▶ **Work required**:
Print the entries exactly as given.

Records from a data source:

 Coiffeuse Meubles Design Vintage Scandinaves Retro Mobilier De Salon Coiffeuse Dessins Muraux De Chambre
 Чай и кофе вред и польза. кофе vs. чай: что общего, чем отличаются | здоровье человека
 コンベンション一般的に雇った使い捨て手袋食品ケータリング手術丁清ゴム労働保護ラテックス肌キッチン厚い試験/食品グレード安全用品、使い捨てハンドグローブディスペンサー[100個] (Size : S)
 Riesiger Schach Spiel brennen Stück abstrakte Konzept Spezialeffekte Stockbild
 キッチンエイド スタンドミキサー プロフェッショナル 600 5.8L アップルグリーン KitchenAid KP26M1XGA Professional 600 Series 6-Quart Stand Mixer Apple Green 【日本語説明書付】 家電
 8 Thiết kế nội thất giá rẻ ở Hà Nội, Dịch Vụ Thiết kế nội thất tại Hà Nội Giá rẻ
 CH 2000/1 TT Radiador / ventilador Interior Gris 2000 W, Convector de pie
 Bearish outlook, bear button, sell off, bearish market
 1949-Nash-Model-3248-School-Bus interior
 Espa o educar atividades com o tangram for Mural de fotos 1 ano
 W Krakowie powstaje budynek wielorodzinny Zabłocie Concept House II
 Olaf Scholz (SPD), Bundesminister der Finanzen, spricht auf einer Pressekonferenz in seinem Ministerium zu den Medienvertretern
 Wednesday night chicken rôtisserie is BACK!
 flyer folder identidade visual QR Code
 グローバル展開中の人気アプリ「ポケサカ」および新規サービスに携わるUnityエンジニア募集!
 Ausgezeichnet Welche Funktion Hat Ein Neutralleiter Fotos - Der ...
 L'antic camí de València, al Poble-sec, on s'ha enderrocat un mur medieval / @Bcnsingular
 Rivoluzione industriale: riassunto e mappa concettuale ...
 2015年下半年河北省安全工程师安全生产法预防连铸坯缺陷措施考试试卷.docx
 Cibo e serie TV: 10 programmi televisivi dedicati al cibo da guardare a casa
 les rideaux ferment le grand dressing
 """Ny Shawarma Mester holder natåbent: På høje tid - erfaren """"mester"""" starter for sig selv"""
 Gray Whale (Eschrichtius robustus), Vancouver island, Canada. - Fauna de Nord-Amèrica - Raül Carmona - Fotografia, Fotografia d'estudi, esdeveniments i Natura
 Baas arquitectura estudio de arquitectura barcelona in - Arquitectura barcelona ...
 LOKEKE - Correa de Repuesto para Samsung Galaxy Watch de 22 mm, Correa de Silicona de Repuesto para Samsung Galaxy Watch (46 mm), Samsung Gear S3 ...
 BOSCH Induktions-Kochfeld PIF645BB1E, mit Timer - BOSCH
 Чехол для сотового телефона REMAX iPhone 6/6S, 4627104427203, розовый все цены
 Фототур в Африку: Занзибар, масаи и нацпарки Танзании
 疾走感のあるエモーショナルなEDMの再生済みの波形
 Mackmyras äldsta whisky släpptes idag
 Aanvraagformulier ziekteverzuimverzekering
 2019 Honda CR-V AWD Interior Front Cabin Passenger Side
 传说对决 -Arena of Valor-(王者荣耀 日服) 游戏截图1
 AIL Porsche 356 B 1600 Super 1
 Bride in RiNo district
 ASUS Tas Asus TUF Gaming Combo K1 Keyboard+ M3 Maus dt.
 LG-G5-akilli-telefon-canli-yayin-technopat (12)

▶ **Expected answer**:
 Coiffeuse Meubles Design Vintage Scandinaves Retro Mobilier De Salon Coiffeuse Dessins Muraux De Chambre
 Чай и кофе вред и польза. кофе vs. чай: что общего, чем отличаются | здоровье человека
 コンベンション一般的に雇った使い捨て手袋食品ケータリング手術丁清ゴム労働保護ラテックス肌キッチン厚い試験/食品グレード安全用品、使い捨てハンドグローブディスペンサー[100個] (Size : S)
 Riesiger Schach Spiel brennen Stück abstrakte Konzept Spezialeffekte Stockbild
 キッチンエイド スタンドミキサー プロフェッショナル 600 5.8L アップルグリーン KitchenAid KP26M1XGA Professional 600 Series 6-Quart Stand Mixer Apple Green 【日本語説明書付】 家電
 8 Thiết kế nội thất giá rẻ ở Hà Nội, Dịch Vụ Thiết kế nội thất tại Hà Nội Giá rẻ
 CH 2000/1 TT Radiador / ventilador Interior Gris 2000 W, Convector de pie
 Bearish outlook, bear button, sell off, bearish market
 1949-Nash-Model-3248-School-Bus interior
 Espa o educar atividades com o tangram for Mural de fotos 1 ano
 W Krakowie powstaje budynek wielorodzinny Zabłocie Concept House II
 Olaf Scholz (SPD), Bundesminister der Finanzen, spricht auf einer Pressekonferenz in seinem Ministerium zu den Medienvertretern
 Wednesday night chicken rôtisserie is BACK!
 flyer folder identidade visual QR Code
 グローバル展開中の人気アプリ「ポケサカ」および新規サービスに携わるUnityエンジニア募集!
 Ausgezeichnet Welche Funktion Hat Ein Neutralleiter Fotos - Der ...
 L'antic camí de València, al Poble-sec, on s'ha enderrocat un mur medieval / @Bcnsingular
 Rivoluzione industriale: riassunto e mappa concettuale ...
 2015年下半年河北省安全工程师安全生产法预防连铸坯缺陷措施考试试卷.docx
 Cibo e serie TV: 10 programmi televisivi dedicati al cibo da guardare a casa
 les rideaux ferment le grand dressing
 """Ny Shawarma Mester holder natåbent: På høje tid - erfaren """"mester"""" starter for sig selv"""
 Gray Whale (Eschrichtius robustus), Vancouver island, Canada. - Fauna de Nord-Amèrica - Raül Carmona - Fotografia, Fotografia d'estudi, esdeveniments i Natura
 Baas arquitectura estudio de arquitectura barcelona in - Arquitectura barcelona ...
 LOKEKE - Correa de Repuesto para Samsung Galaxy Watch de 22 mm, Correa de Silicona de Repuesto para Samsung Galaxy Watch (46 mm), Samsung Gear S3 ...
 BOSCH Induktions-Kochfeld PIF645BB1E, mit Timer - BOSCH
 Чехол для сотового телефона REMAX iPhone 6/6S, 4627104427203, розовый все цены
 Фототур в Африку: Занзибар, масаи и нацпарки Танзании
 疾走感のあるエモーショナルなEDMの再生済みの波形
 Mackmyras äldsta whisky släpptes idag
 Aanvraagformulier ziekteverzuimverzekering
 2019 Honda CR-V AWD Interior Front Cabin Passenger Side
 传说对决 -Arena of Valor-(王者荣耀 日服) 游戏截图1
 AIL Porsche 356 B 1600 Super 1
 Bride in RiNo district
 ASUS Tas Asus TUF Gaming Combo K1 Keyboard+ M3 Maus dt.
 LG-G5-akilli-telefon-canli-yayin-technopat (12)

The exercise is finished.